Windows was deployed as the operating system on non-mission critical laptops used on the space station, but it was later replaced with Linux. Robonaut 2, the first humanoid robot in space, is also Linux-based.
The Jet Propulsion Laboratory has used Linux for a number of years "to help with projects relating to the construction of unmanned space flight and deep space exploration"; NASA uses Linux in robotics in the Mars rover, and Ubuntu Linux to "save data from satellites".
Linux distributions have been created to provide hands-on experience with coding and source code to students, on devices such as the Raspberry Pi. In addition to producing a practical device, the intention is to show students "how things work under the hood".

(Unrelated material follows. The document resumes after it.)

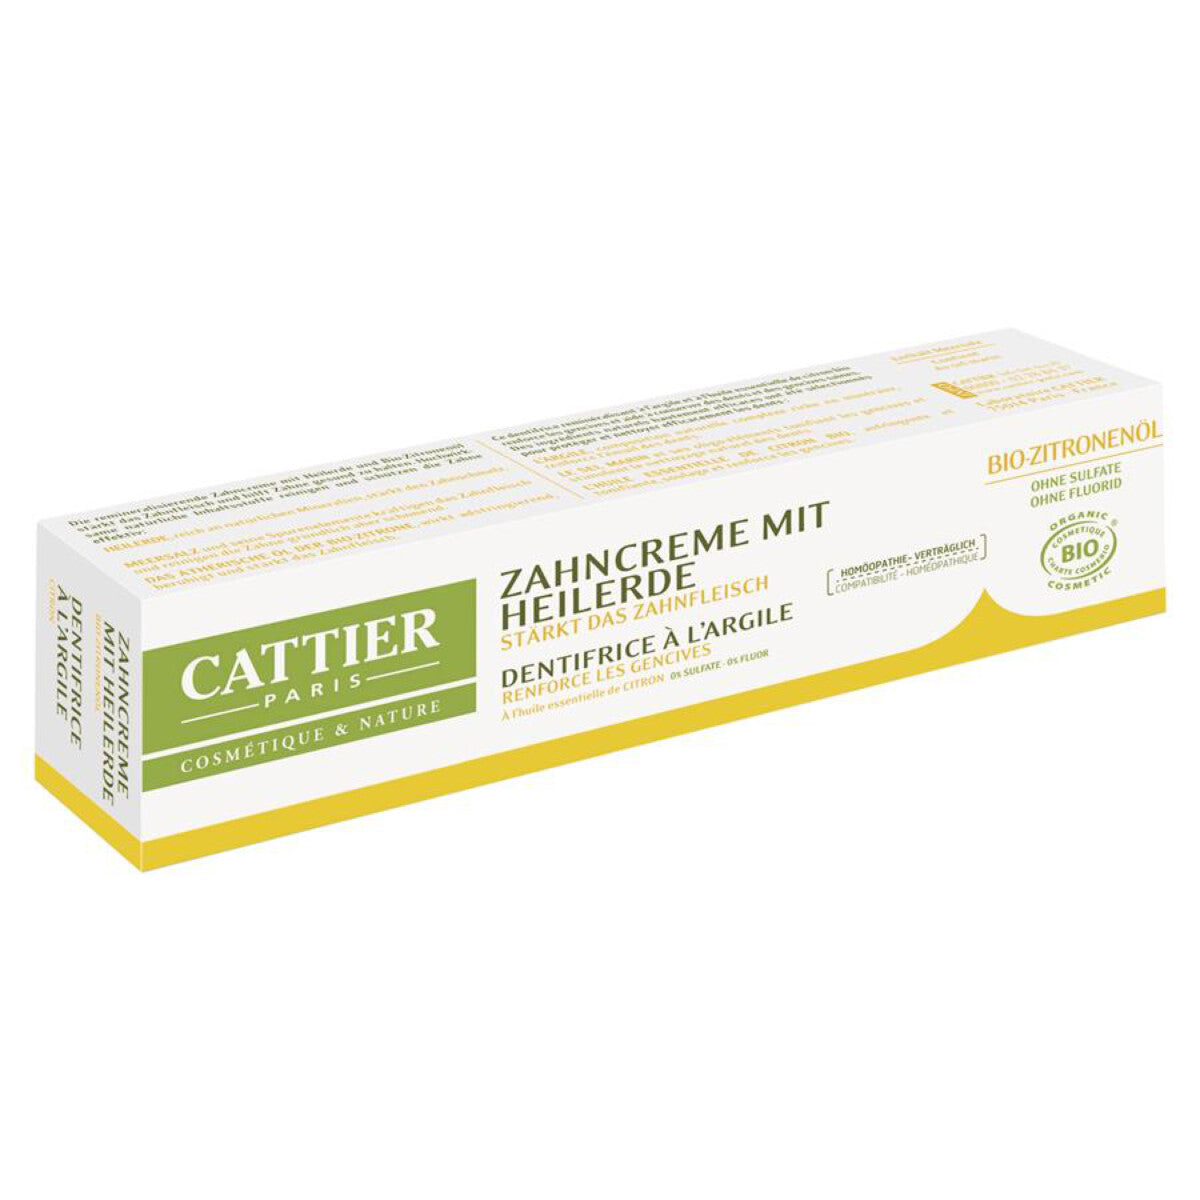 CATTIER Zahncreme Heilerde Zitrone - 75 ml

The Ubuntu derivatives Edubuntu and The Linux Schools Project, as well as the Debian derivative Skolelinux, provide education-oriented software packages. They also include tools for administering and building school computer labs and computer-based classrooms, such as the Linux Terminal Server Project (LTSP).
Instant WebKiosk and Webconverger are browser-based Linux distributions often used in web kiosks and digital signage. Thinstation is a minimalist distribution designed for thin clients. Rocks Cluster Distribution is tailored for high-performance computing clusters.
There are general-purpose Linux distributions that target a specific audience, such as users of a specific language or geographical area. Such examples include Ubuntu Kylin for Chinese language users and BlankOn targeted at Indonesians. Profession-specific distributions include Ubuntu Studio for media creation and DNALinux for bioinformatics. There is also a Muslim-oriented distribution of the name Sabily that consequently also provides some Islamic tools. Certain organizations use slightly specialized Linux distributions internally, including GendBuntu used by the French National Gendarmerie, Goobuntu used internally by Google, and Astra Linux developed specifically for the Russian army.